- _TASK DETAILS_:
Repeat the lines from the line with "How to fill" to the line with "General 1920x1080 Buddha" in the listing below, keeping both end lines and adding nothing.

- _AVAILABLE RECORDS_:
● ● ●

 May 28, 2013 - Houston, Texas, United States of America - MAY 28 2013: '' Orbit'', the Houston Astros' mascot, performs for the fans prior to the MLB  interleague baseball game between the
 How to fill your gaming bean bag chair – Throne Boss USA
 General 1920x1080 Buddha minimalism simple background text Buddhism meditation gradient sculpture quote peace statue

● ● ●

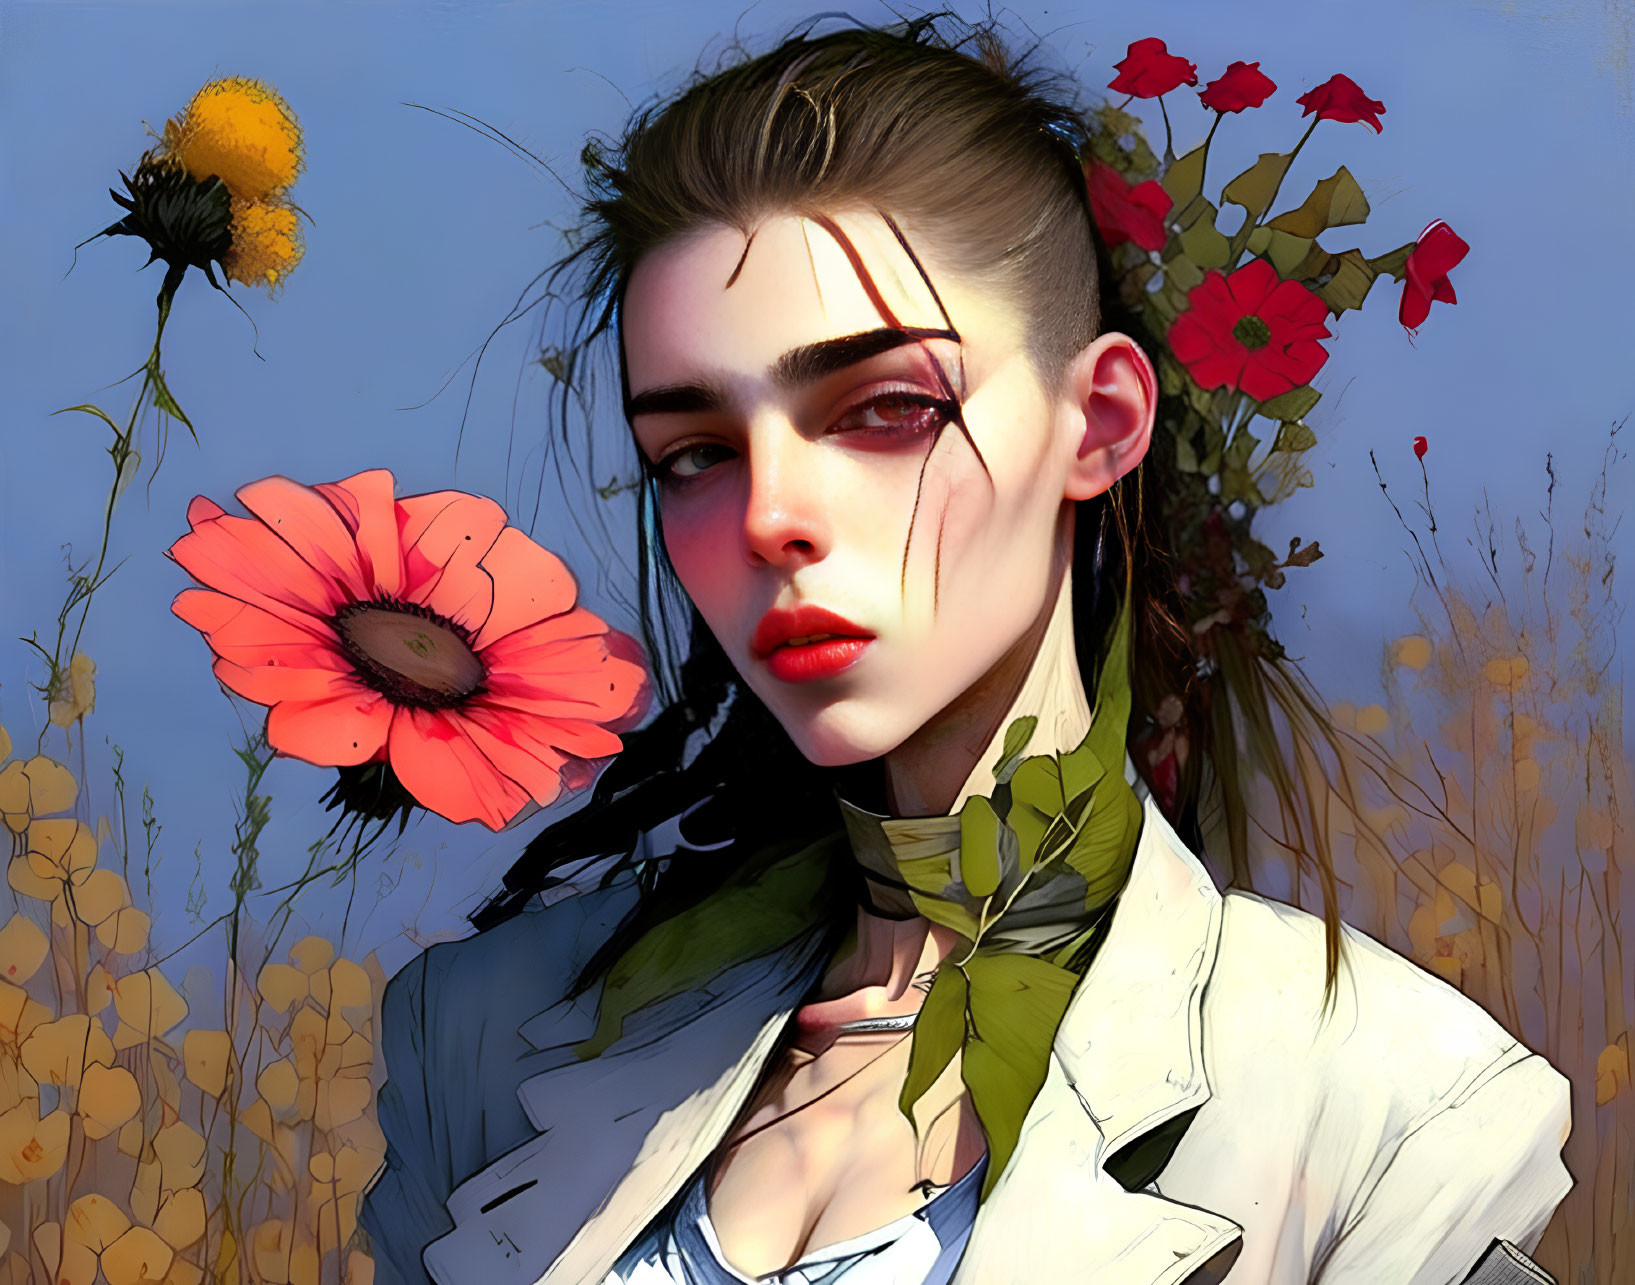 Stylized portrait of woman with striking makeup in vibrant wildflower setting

● ● ●

- _EXPECTED OUTPUT_:
 How to fill your gaming bean bag chair – Throne Boss USA
 General 1920x1080 Buddha minimalism simple background text Buddhism meditation gradient sculpture quote peace statue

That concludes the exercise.